Posted by Sara Hawthorn
Image shows a compass pointing at Trust

This year’s Edelman Trust Barometer was a stark look at the reality of public perception of businesses. A deep mistrust has settled over the actions of businesses, the media and government with over half the respondents stating that capitalism as it works today does more harm than good in the world. 

Ouch. 

In a complex and multifaceted sector like energy the report provides some useful takeaways and considerations from a stakeholder communication point of view. For example, the report found that out of the four groups of NGO, Government, Media and Business not one was considered both ethical and competent. 

Businesses were found to be more competent (only slightly – 14 on a sliding scale of -50 to +50) but less ethical at -2. There’s definite room for improvement. And lots of it. For companies working in the energy sector this presents an opportunity to review how and what they’re communicating to different stakeholder groups. Especially because according to the Barometer what businesses are perceived to be best at is:

  • Generating value for owners
  • Being the engine of innovation
  • Driving economic prosperity

 

Opportunity for change

At least two of those areas are prime stakeholder communications for the energy and, in particular, the renewables sector. As the wider public begins to think more consciously about what they consume, their impact on the environment and the ethical implications of purchases, communicating sustainability efforts with transparency and regularity is becoming a necessity for any business in this area. 

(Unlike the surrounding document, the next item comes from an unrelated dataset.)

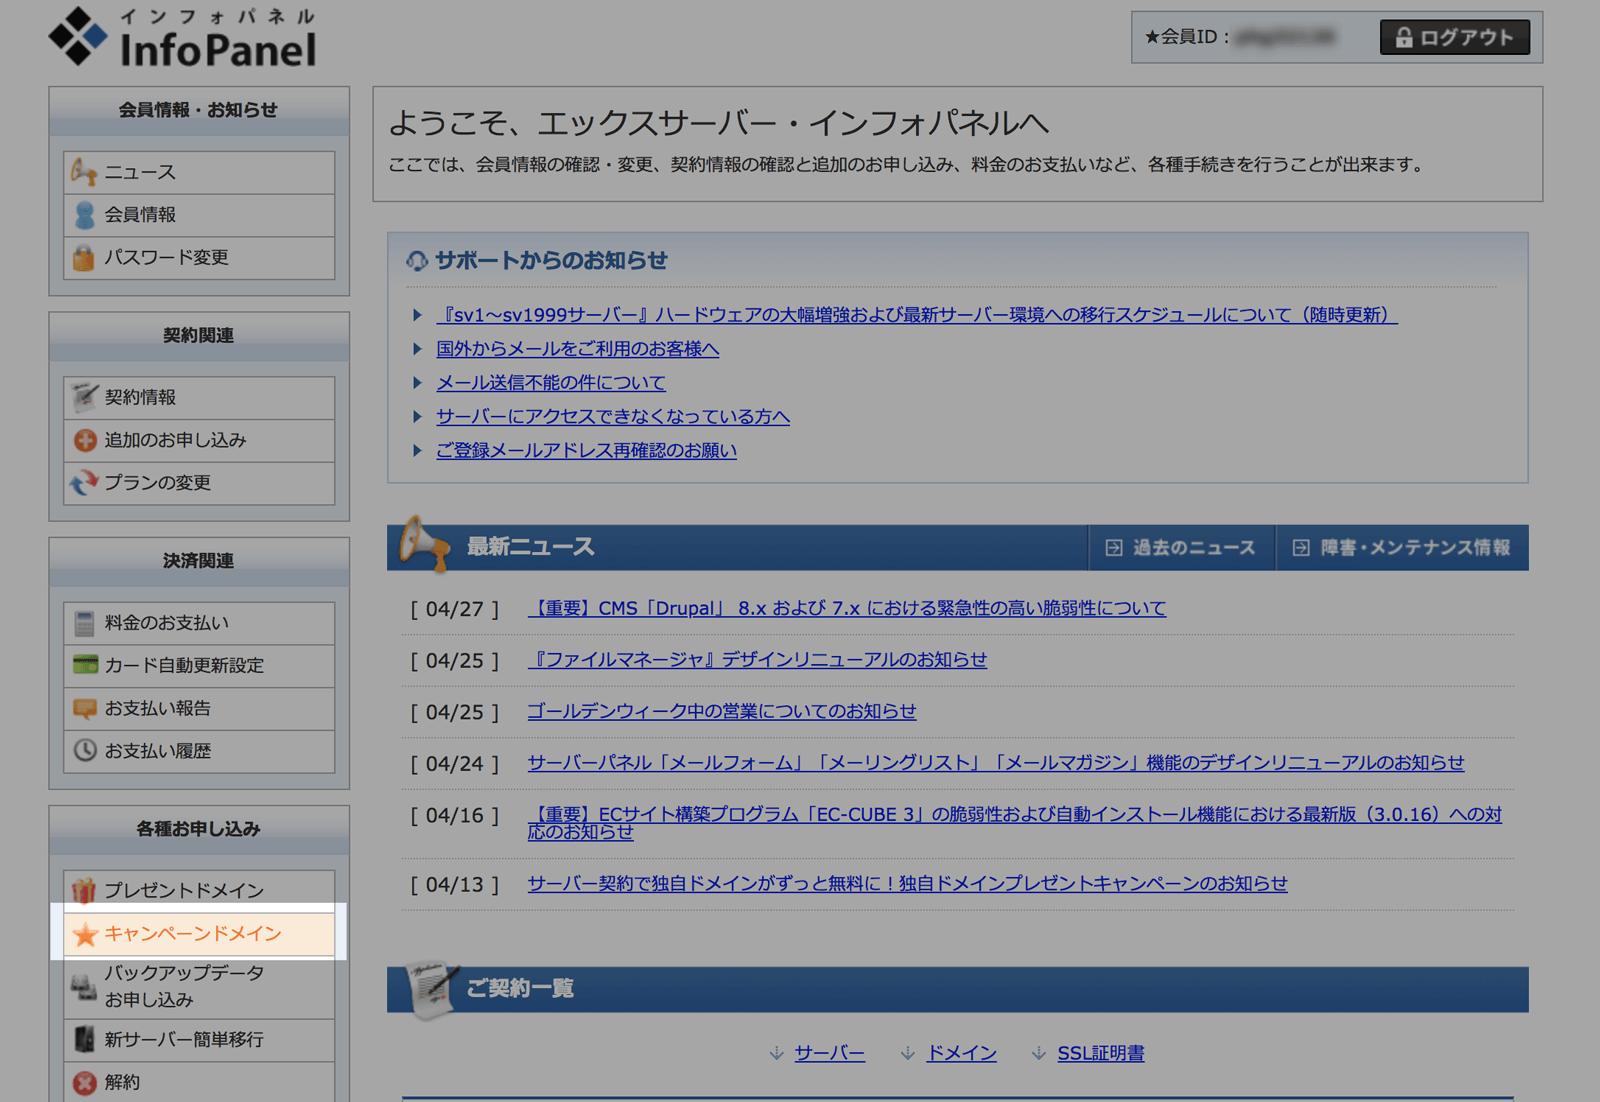 インフォパネルのキャンペーンドメインメニューから申請する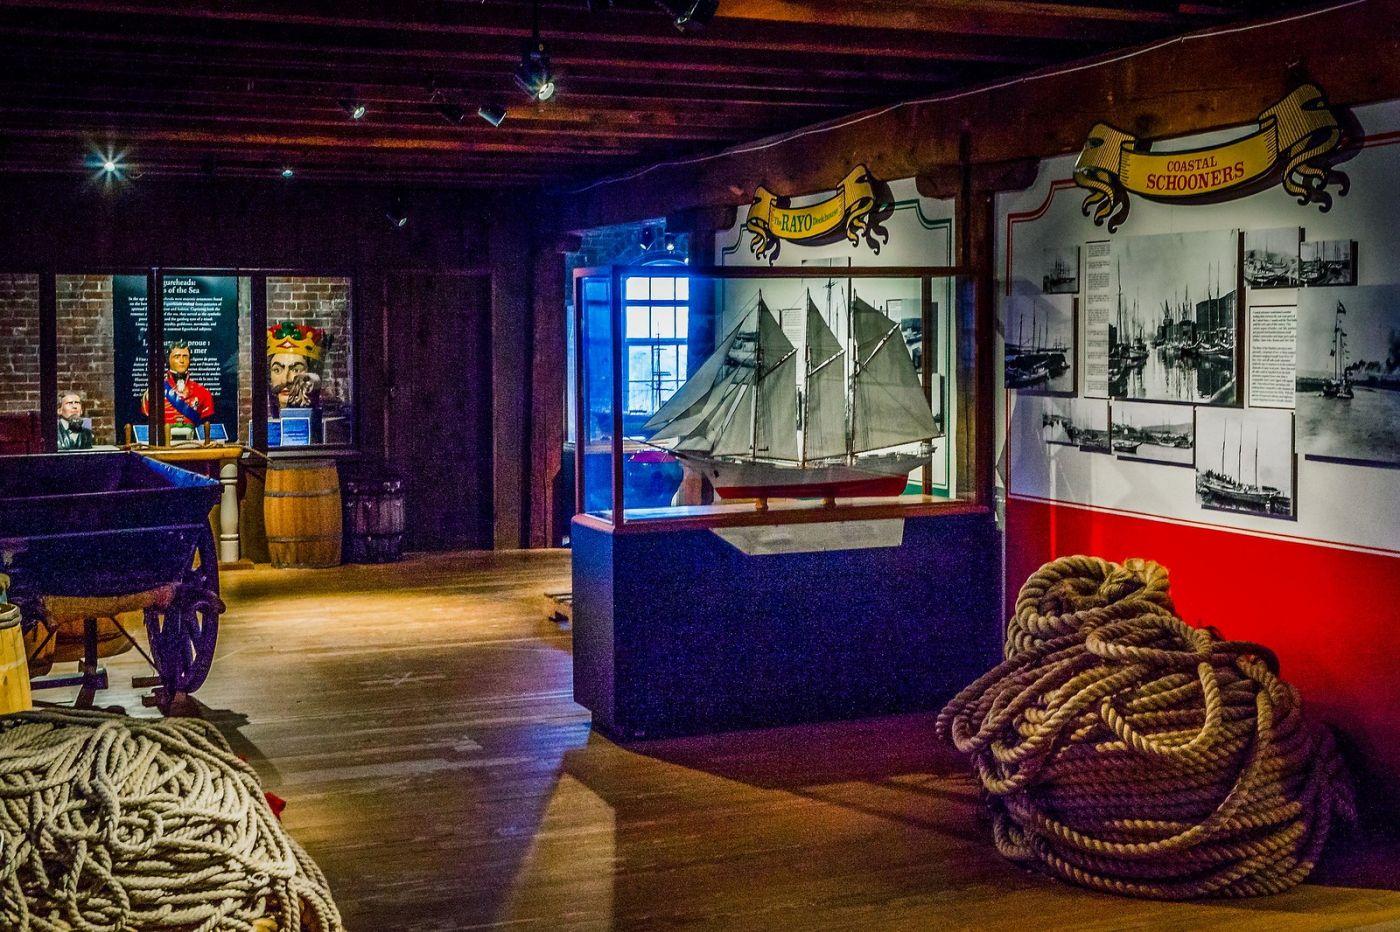 加拿大哈利法克斯(Halifax)大西洋海事博物馆_图1-4

Results from the Edelman Trust Barometer showed that the public is more forgiving of mistakes if a company or business is believed to be ethical. Essentially, try to do good and we’ll forgive a few mistakes. 

This is both interesting and shaky ground. On one hand, it offers the opportunity for energy-related businesses to realign their values and work alongside PR and comms teams to build strong two-way communications between the company and stakeholders. On the other it could potentially lead to businesses paying lip service to ethical and/or sustainable practices and mistakenly believing they’ll always be forgiven if they at least look like they’re trying. 

Increasingly, this latter approach is difficult for businesses to get away with and is a big reason why public relations consultancy and guidance at a senior level is the smart move for companies operating in a world of mistrust and misinformation as the report from Edelman indicates.

 

The way forward

The results from the Barometer indicate that businesses are perceived unlikely to be both competent and ethical which means over the course of the next year businesses have a choice to confirm or disprove this through their actions and words. Listening and responding, rather than pushing out a singular message, will become an important part of any public relations strategy. As the climate emergency, issues around energy generation and supply, and consumer consumption continue to be at the forefront of the news agenda, energy sector businesses will need to break out of entrenched strategies and tactics to engage with stakeholders in a more transparent, trust-building way.